▸ **WHAT THIS TASK INVOLVES**
Would you give the entries below again in full, exactly as they stand?

▸ **DATA IN THIS EXERCISE**
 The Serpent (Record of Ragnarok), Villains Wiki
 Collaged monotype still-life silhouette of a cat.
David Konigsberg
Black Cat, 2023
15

▸ **EXERCISE OUTPUT**
 The Serpent (Record of Ragnarok), Villains Wiki
 Collaged monotype still-life silhouette of a cat.
David Konigsberg
Black Cat, 2023
15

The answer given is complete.